- Republicanos escolheram ex-governador Anthony Garotinho para candidatura a governador do Rio em 2026.
- Decisão foi aprovada por unanimidade na Comissão Executiva Estadual e divulgada em redes sociais.
- Indicação será homologada na Convenção Estadual do partido no dia 25.
- Garotinho retornou à disputa após anulação de condenação por compra de votos em 2016.
- Operação Chequinho investigou uso de programa social para captar votos em favor de candidatos ligados a ele.
O Republicanos anunciou nesta segunda-feira (20) que a Comissão Executiva Estadual aprovou, por unanimidade, o nome do ex-governador Anthony Garotinho para disputar o governo do Rio de Janeiro nas eleições de 2026.
A decisão foi divulgada em comunicado oficial publicado nas redes sociais da legenda. Segundo o partido, a escolha ocorreu após votação realizada no último sábado (18), com a participação dos deputados estaduais e federais da bancada fluminense e dos integrantes da Comissão Executiva Estadual.
A indicação será homologada durante a Convenção Estadual do Republicanos, marcada para o próximo sábado (25), quando também serão oficializadas as candidaturas da legenda aos demais cargos em disputa.
De acordo com o partido, a definição do nome de Garotinho ocorreu após discussões internas e análise de pesquisas eleitorais encomendadas pela sigla.
Retorno à disputa eleitoral
Em abril deste ano, Garotinho já havia manifestado interesse em disputar novamente o governo fluminense após decisão do ministro Cristiano Zanin, do Supremo Tribunal Federal (STF), que anulou sua condenação por compra de votos nas eleições de 2016.
Na decisão, o ministro entendeu que, embora as acusações fossem graves, os elementos utilizados no processo não eram suficientes para sustentar a condenação.
O caso da Operação Chequinho
Governador do Rio de Janeiro entre 1999 e 2002, Garotinho havia sido condenado a 13 anos e nove meses de prisão, além de multa, pelos crimes de corrupção eleitoral, associação criminosa, supressão de documento público e coação no curso do processo. A condenação, porém, foi posteriormente anulada pelo STF.

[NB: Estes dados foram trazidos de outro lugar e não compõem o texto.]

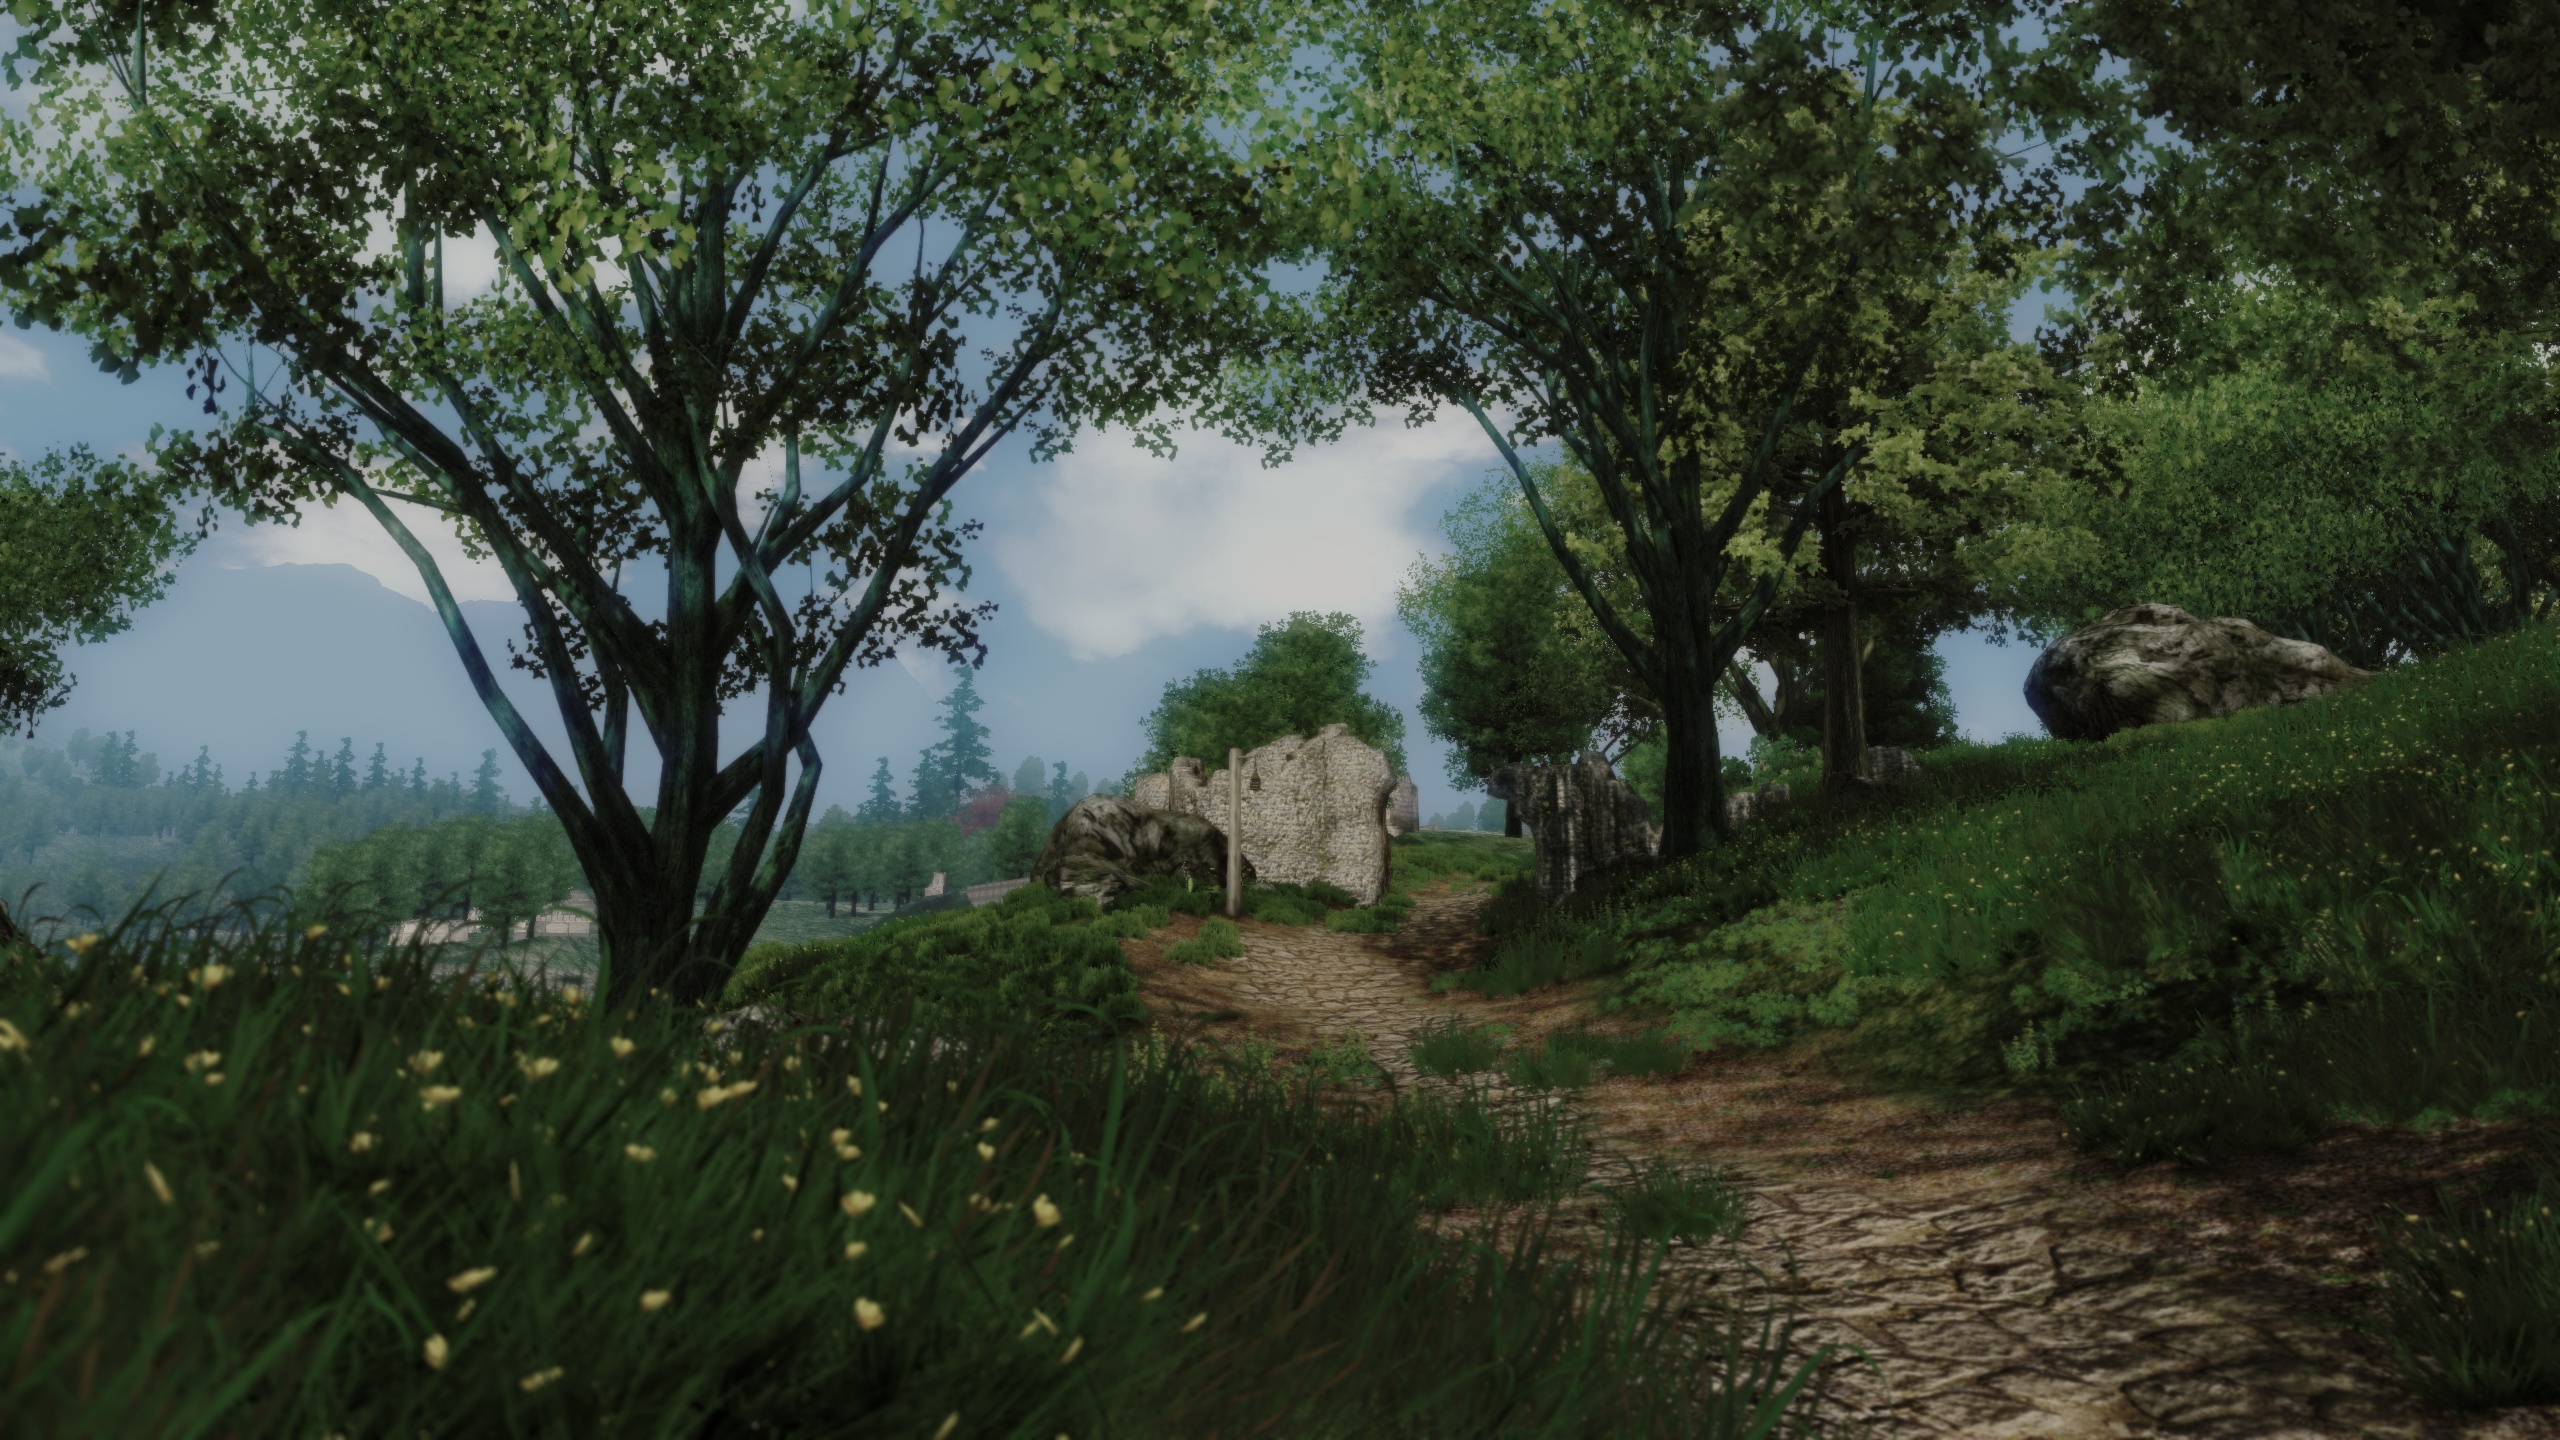 Download mobile wallpaper Video Game, The Elder Scrolls Iv: Oblivion, The Elder Scrolls for free.

O processo teve origem na Operação Chequinho, deflagrada pela Polícia Federal em 2016, em Campos dos Goytacazes, no Norte Fluminense.
Segundo o Ministério Público Eleitoral (MPE), o programa social Cheque Cidadão teria sido utilizado entre maio e agosto daquele ano para captar votos em favor de candidatos ligados ao grupo político de Garotinho. Na época, o benefício atendia mais de 17 mil famílias.
De acordo com a acusação, o auxílio teria sido condicionado ao apoio eleitoral de beneficiários de baixa renda.
Porém, ao anular a condenação, o ministro Cristiano Zanin concluiu que parte das provas utilizadas no processo era ilícita, por ter sido obtida a partir de dados extraídos de computadores da Secretaria Municipal de Desenvolvimento Humano e Social de Campos dos Goytacazes sem preservação da cadeia de custódia e sem realização de perícia técnica.
Segundo o magistrado, essas irregularidades comprometiam a validade das provas e, consequentemente, da condenação.